Some of the quality related activities will reside in the detection phase for the foreseeable future as they demand a product being compiled, deployed, and properly configured. A security penetration test, system end-to-end, load tests, are some of the examples for such While other quality related activities should be constantly challenged whether they should remain in this, late, phase of testing and whether they can be replaced by more preventive methods while still providing the same level of confidence.
Companies still often rely heavily on UI based end to end tests that represent a user journey through the product. Those tests are using tools that emulate user actions to perform a business flow and confirm that the system behaves as expected and returns an expected result.
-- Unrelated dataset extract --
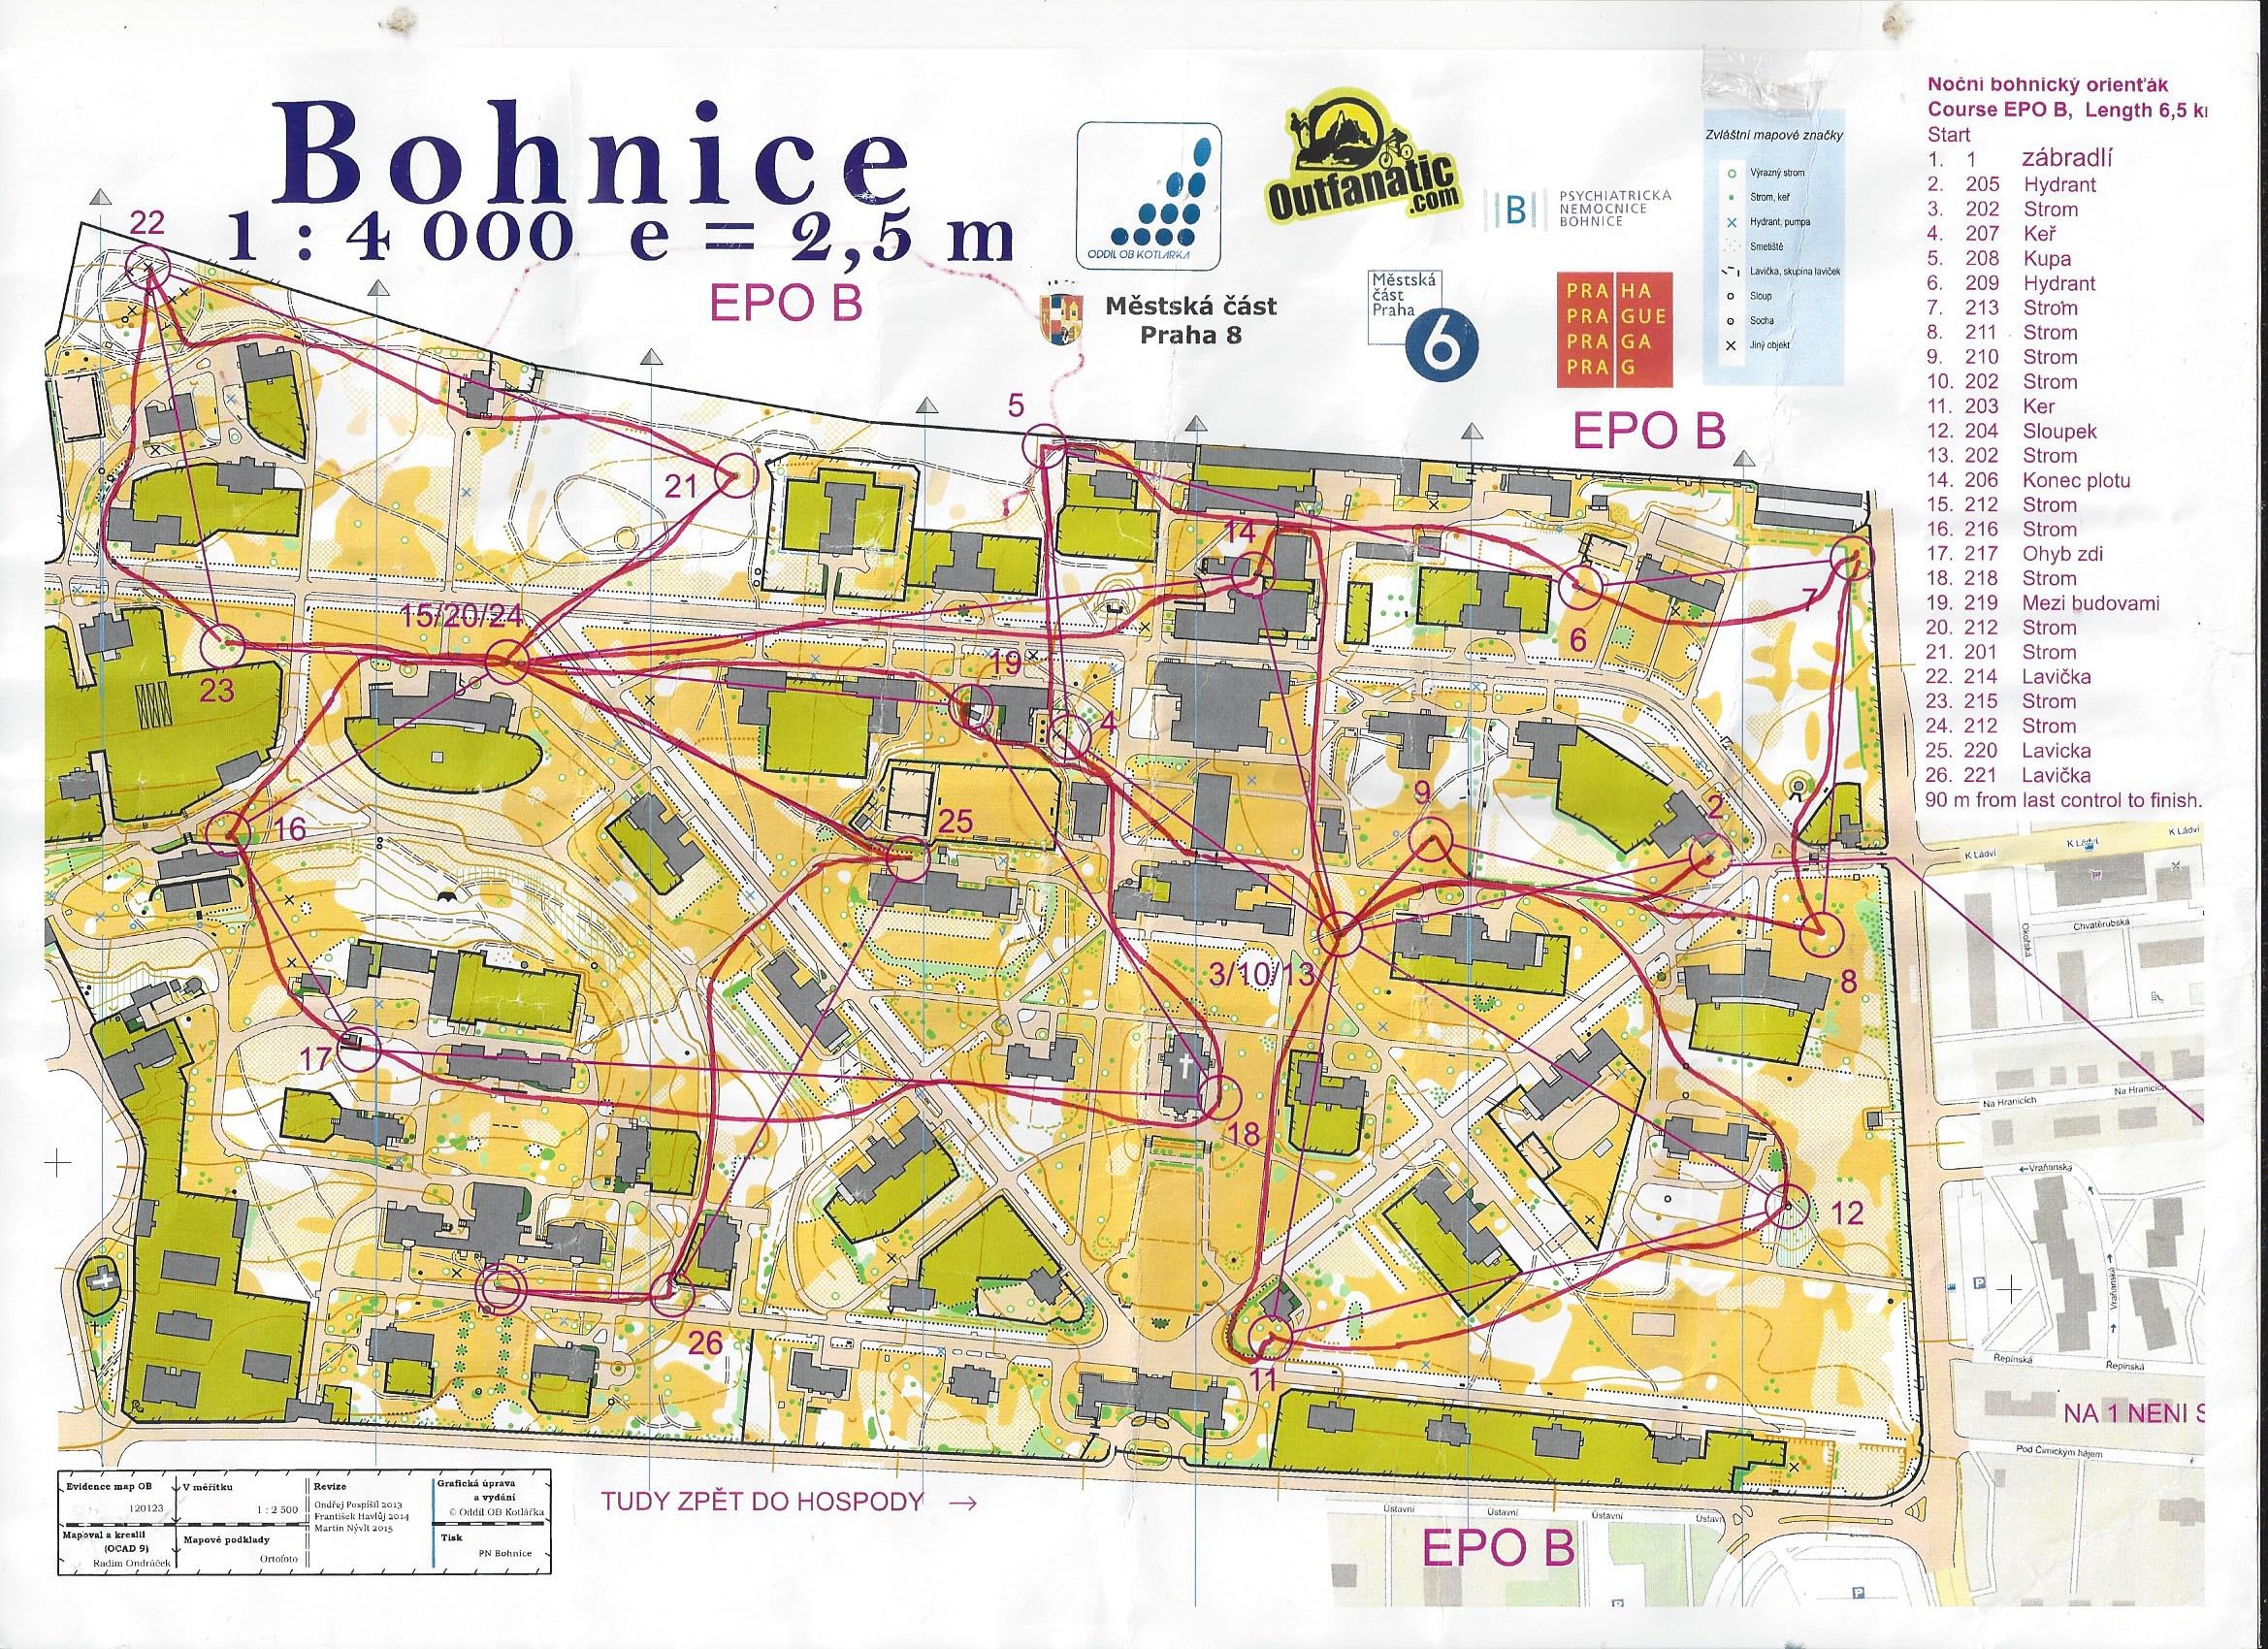 EPO OB Bohnice - B / mapa 2 (2015-10-20)

While those tests are legitimate, they are fragile, slow, heavy on resources and most important - demand constant maintenance if a product has active development cycles. Following the Test Pyramid principle, first defined by Mike Cohn, it would be much cost effective to push those tests to the Service/API/Integration level where automation is much faster, stable and hence, cheaper. By doing that the tests will no longer require the whole product to be created or deployed, which will effectively move this activity from detection to prevention. The problem of API/Integration tests being more isolated and missing the big, user-centric, the picture is, in fact, diminishing as micro service product architecture concepts are being embraced. While not all UI based end-to-end tests should be converted to sets of integrations tests, an organisation can significantly reduce costs and increase speed by converting most of them and leaving minimal amount to ensure user experience of a product.
Ideally, UI based end-to-end tests will completely disappear when the front end holds no business logic whatsoever, or every operation done through UI would have a corresponding API/hook in place for testing purposes. In this case, a visual, maybe even manual inspection, once in a while would be sufficient to ensure UX is intact, the rest will be covered by frequently running, fast and reliable integration tests.
The third and the closing link of a circle is the analysis part. In iterative, fail-fast environments, it is important to constantly reevaluate and redistribute the activities and mechanisms in detection and prevention phases to ensure the most efficient resource allocation and highest quality output.
It is often that prevention and detection terms are used to describe parts of an existing quality process statically. While thinking of those groups as dynamic, moving and complementary parts of a single process turns it into a tool for improvement and practical application of “shift left” doctrine.